WHO Collaborating Centres (WHOCC)の活動
グローバル社会文化研究センターでは、WHOCC(世界保健機関指定協力機関)の活動の一環として、以下の研究を行っています。
日本の家族計画および出生率に関する共同研究
WHOCC(世界保健機関指定協力機関)の活動の一環として、日本の家族計画や出生率に関する研究を行っています。当センターでは、東京大学の研究者と協力して「仕事と家族に関する全国調査」を実施。調査で得られたデータに基づいた研究に取り組んでいます。この共同研究は、国民移転勘定の改善および少子高齢化対策に関する政策提言を目指す、幅広い新研究プロジェクトの枠組みの中で行われています。
日本学術振興会科研費(特別推進研究):東京大学大学院経済学研究科
プロジェクト名:多様な個人を前提とする政策評価型国民移転勘定の創世による少子高齢化対策の評価
→政策評価型国民移転勘定の創成 少子高齢化対策の提案と評価に向けて
世界保健機関(WHO)指定協力機関としての研究活動について
このたび、当センターは、これまで日本大学人口研究所(NUPRI)が担っていた世界保健機関の指定協力機関(WHOCC)としての研究活動を受け継ぐこととなりました。当センターは、WHOCCとして新たなメンバーの協力の下で、(1)日本における家庭計画や人工妊娠中絶、(2)低出生率を抱える国におけるリプロダクティブ・ヘルス(性と生殖に関する健康)、(3)医療制度の改善、(4)東南アジアにおける乳幼児死亡率、などに関する研究を行う予定です。今後数年間で「仕事と家族に関する全国調査」を実施し、低出生率とリプロダクティブ・ヘルスを対象とする国際会議を東京で開催する予定です。
Center for Global Studies of Culture and Society (SGS) is a World Health Organization collaborating center (WHOCC) for research and training in population, reproductive health and development (WHO code: JPN-78)
Our center has inherited from the Nihon University Population Research Institute (NUPRI) and the Nihon University China and Asia Studies Center (CCAS) the title of a World Health Organization collaborating center. Our institute is the only WHO collaborating center in Asia from the field of population studies.
As a WHO collaborating center in recent years our institution has been working on the reassessment of the role of abortion and family planning in the changing pattern of fertility in Japan, and, in close cooperation with Tokyo University, on preparing and implementing new rounds of the National Survey on Work and Family (NSWF). Recently, we have also undertaken research on the relationship between Japanese women’s labor force participation and their fertility and health, and have been conducting joint research on the causes of male infertility in Japan with International University of Health and Welfare.
Also, population experts from our center have been for decades conducting research on the economic and social effects of fertility decline and population aging and have, as part of that effort, also studying the link between population structural changes on the one hand, and the demand for medical and nursing care and the public and private expenditure on health on the other. Such research on the influence of population aging on health expenditure is of great social importance since grasping health consumption accurately and empirically evaluating policies regarding health contribute to the goal of improving health care systems. Our recent work with the goal of improving health systems includes statistical calculations concerning infant and child mortality in Vietnam.
In assessing the economic effects of population aging on health consumption and expenditure, in determining the ways in which such consumption is financed and in proposing how it could be financed in the future, we have been using a new and powerful methodological tool called the National Transfer Accounts (NTA). Our experts served as leaders in Asia in the dissemination of the knowledge regarding the NTA by training academics and government official in charge of economic planning in China and several countries of South-East Asia, such as the Philippines, Vietnam, Thailand and Cambodia, thus contributing to their development.
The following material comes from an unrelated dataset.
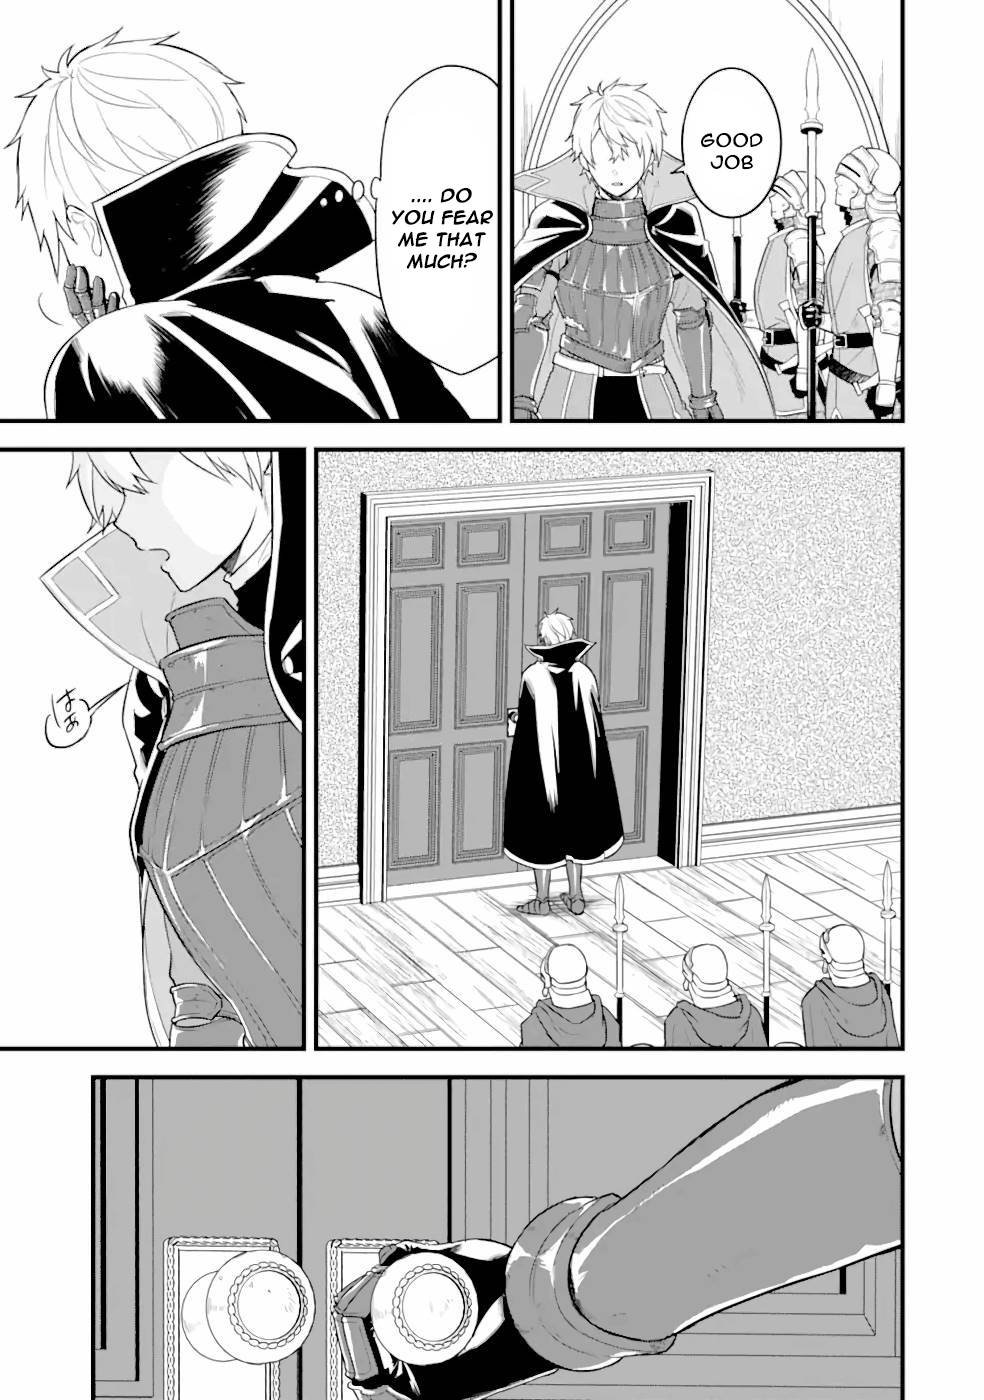 Mysterious Job Called Oda Nobunaga - chapter 31 - #4

Our center has recently been redesignated as a WHO collaborating center and from the end of January 2019 has been tasked with implementing the following two activities: 1. conducting a review of semen analysis based on Japanese language publications, and 2. assessing the cost-effectiveness of national contraception programs (in the countries under the jurisdiction of the WHO West Pacific Regional Office) for the purpose of helping the governments expand the contraception method mix in their countries.
Activity 1 implies translating and reviewing Japanese language literature on semen analysis for the purpose of contributing to the creation of the body of evidence that can be used in the forthcoming review of WHO guidelines. Activity 2 concretely means that our experts will assess the quality of the existing data in Cambodia and other West Pacific countries and write a report on the cost-effectiveness of different contraception methods in those countries.